Ontology-based applications have demonstrated potential in unlocking this value progressively over the last decade. By proposing the sharing of meaning and representation of concepts among different stakeholders, ontologies become a powerful tool for information retrieval and utilization.
In this presentation, I will showcase ontology-based applications developed and utilized in the context of Exploration and Production activities at Petrobras. These applications serve different purposes at various stages of the Oil & Gas Upstream activities chain, with varying degrees of maturity and formalization. Among the applications to be presented are the initial version of a Digital Twin of an operational unit, systems for structuring data from reports generated in natural language, and a semantic search system for documents.
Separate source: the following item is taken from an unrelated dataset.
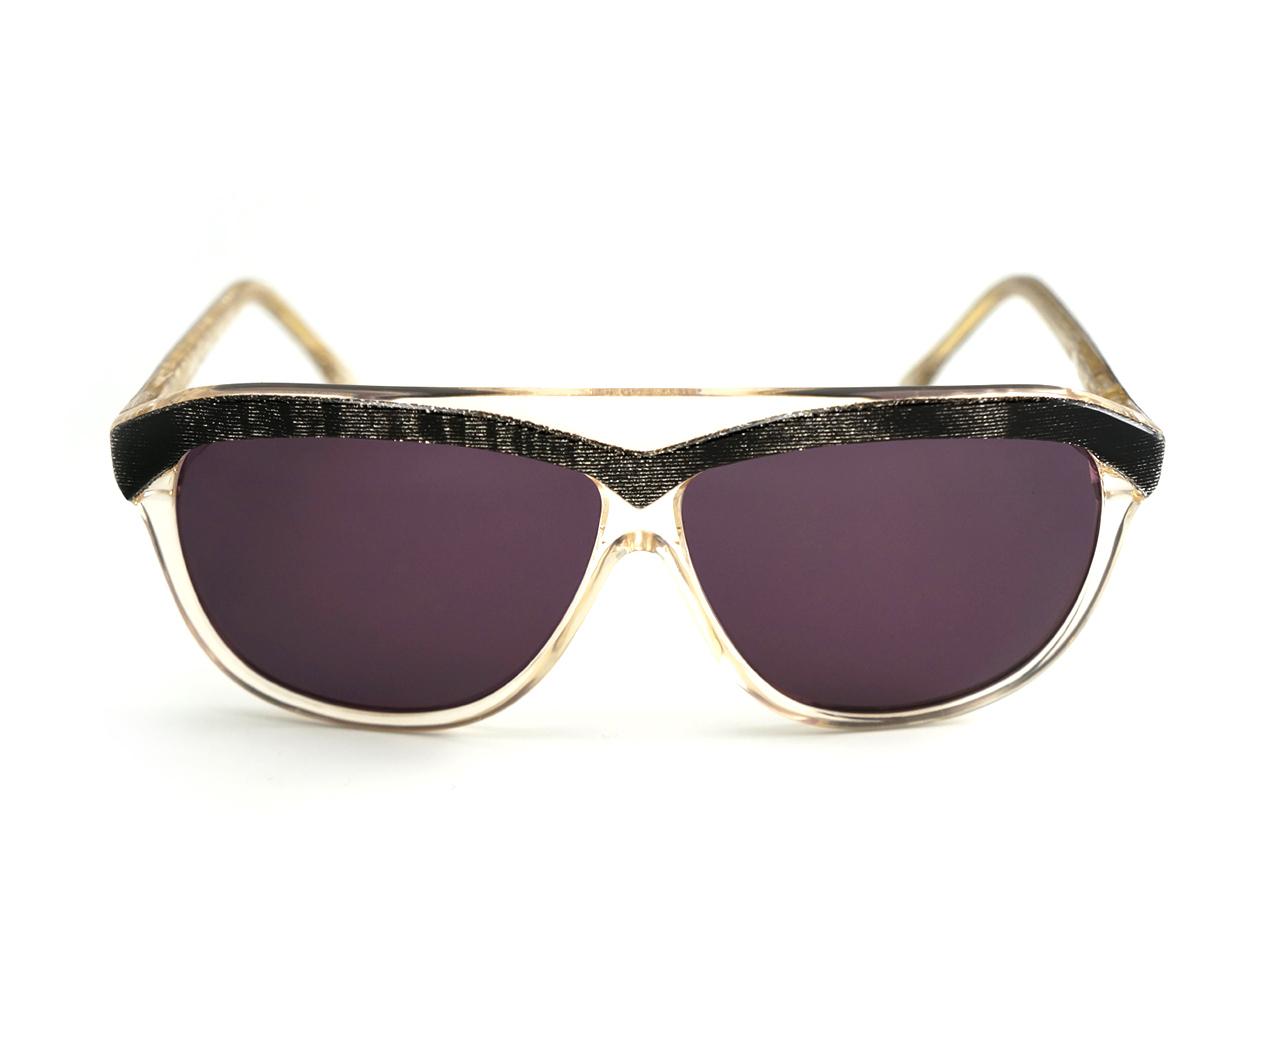 laura-biagiotti-oxsol-v60-c133-occhiale-vintage-27
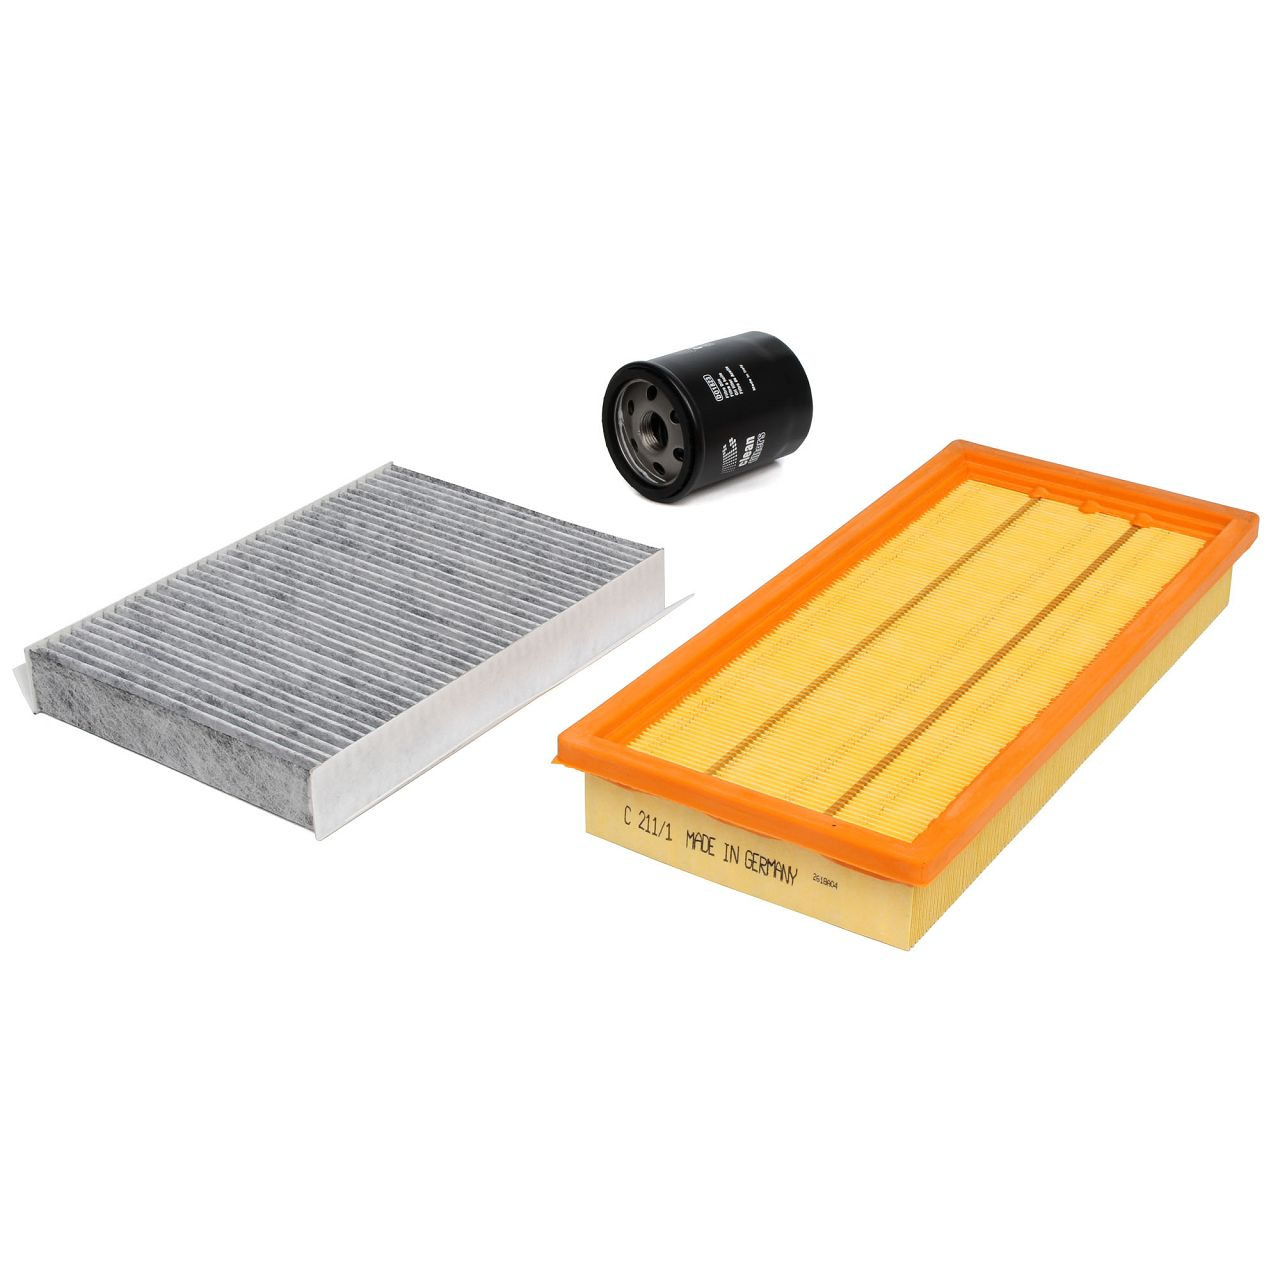 Inspektionskit Filterpaket Filterset für FIAT 500L (351_, 352_) 1.4 95 PS

We will explore the objectives of each application and to what extent ontologies contribute to achieving them. More importantly, practical aspects of ontology-based applications will be discussed: challenges in achieving consensus among different stakeholders for defining concepts, the degree of formalism adopted in ontologies, versioning and management of graphs and ontologies, as well as other challenges and interesting results in the practical implementation of ontologies for Petrobras.